On 21 April 2017 a new International Arbitration Bill (the Bill) was presented to South Africa’s parliament, following a nearly 20-year long campaign by the South African Law Commission to modernise the country’s arbitration law. The Bill adopts (in the main) the UNCITRAL’s Model Law on International Commercial Arbitration (the Model Law) and updates the procedure for enforcement of foreign arbitration awards.

Currently, arbitration in South Africa is governed by the South African Arbitration Act 1965. The 1965 Act applies to both foreign and domestic arbitration proceedings. The recognition and enforcement of foreign arbitral awards is governed by the Recognition and Enforcement of Foreign Arbitral Awards Act 1977.  The 1965 Act gives the courts broad powers to intervene in the arbitration process. For example:

  • section 3 of the 1965 Act provides that the court may, “on good cause shown”, set aside the arbitration agreement, or order that any particular dispute referred to in the arbitration agreement shall not be referred to arbitration, or order that the arbitration agreement shall cease to have effect with reference to any dispute referred.
  • section 6 of the 1965 Act provides that the court may stay proceedings initiated by a party to an arbitration agreement, but only if a party makes an application to court requesting it, and does so “before delivering any pleadings or taking any other steps in the proceedings”; the court has the power to impose any conditions to the stay as it deems “just”.
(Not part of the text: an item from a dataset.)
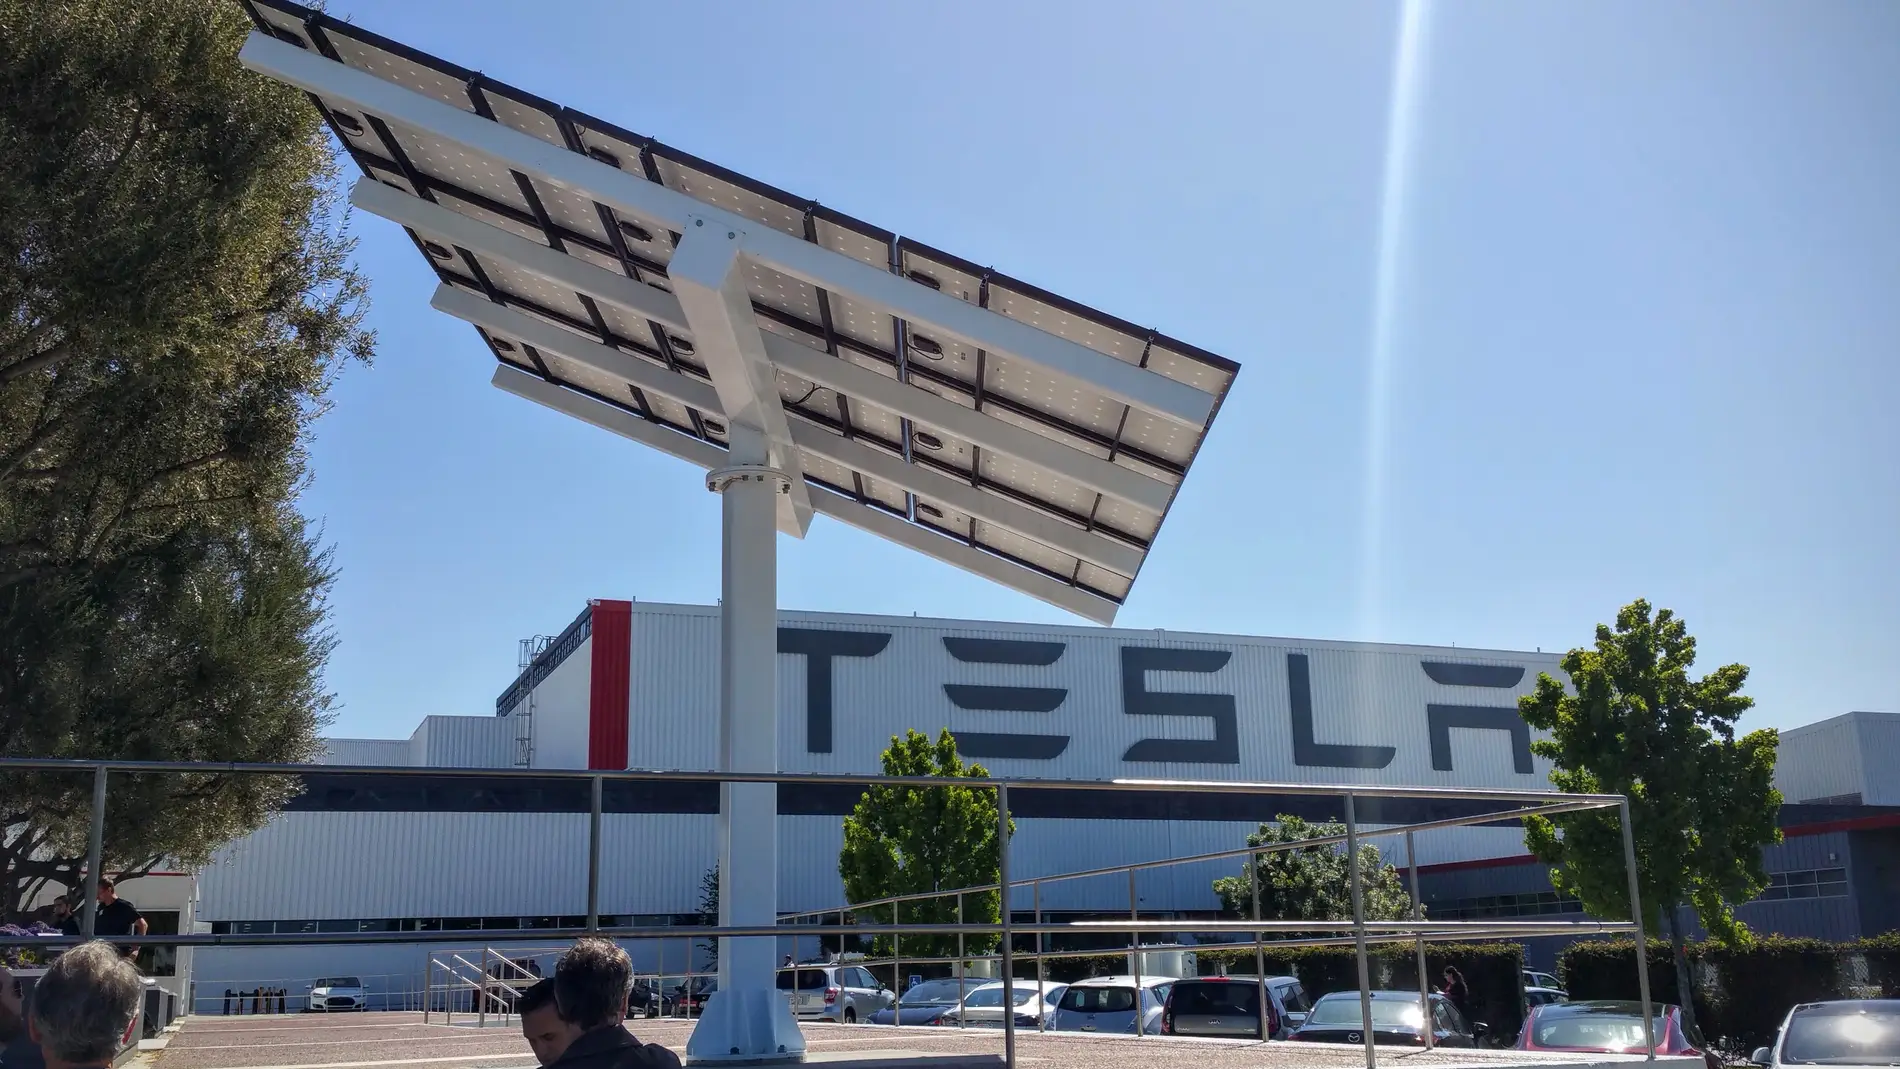 Fábrica de Tesla

Understandably, as these provisions give a great deal of discretion to the local courts to intervene in the arbitration process and thus increase uncertainty, parties are deterred from pursuing their international commercial disputes through arbitration in South Africa.

The Bill provides that the objects of the new legislation are to:

  • facilitate the use of arbitration as a method of resolving international commercial disputes,
  • adopt the UNCITRAL Model Law for use in international commercial disputes,
  • facilitate the recognition and enforcement of certain arbitration agreements and arbitral awards, and
  • give effect to the New York Convention on the Recognition and Enforcement of Foreign Arbitral Awards (the NY Convention).

Once enacted, the legislation will govern international commercial arbitration, but will not impact on the existing arbitration laws governing domestic disputes, which will continue to be governed by the existing 1965 Act. If enacted, the new law will apply to agreements entered into before and after the enactment of the Bill, provided that an arbitration has not already commenced before the Bill has become law. 

The Bill incorporates the Model Law almost in its entirety and brings South Africa’s 1977 legislation dealing with the recognition and enforcement of foreign awards in line with the NY Convention, to which South Africa acceded in May 1976 without any reservations. Although the country implemented the NY Convention through the 1977 Act, its legislation nonetheless prohibits the enforcement of awards relating to mining, production, import, export, refining, possession or use, sale or ownership of any material located anywhere in the world, without the consent of the country’s Minister of Trade and Industries. It is proposed that this limitation will be abolished.

The Bill is aimed at making the country a more attractive jurisdiction for foreign parties to resolve their commercial disputes. On the one hand, the country’s efforts to modernise its outdated international arbitration law are welcome. On the other, these efforts are co-mingled with other legislation such as the recently passed Protection of Investment Act 2015 (not yet in force) which requires investors to pursue arbitration against the government only after first having exhausted domestic remedies and then having obtained consent by the State to arbitrate with a foreign investor. The international commercial community’s reaction to the new legislation remains to be seen.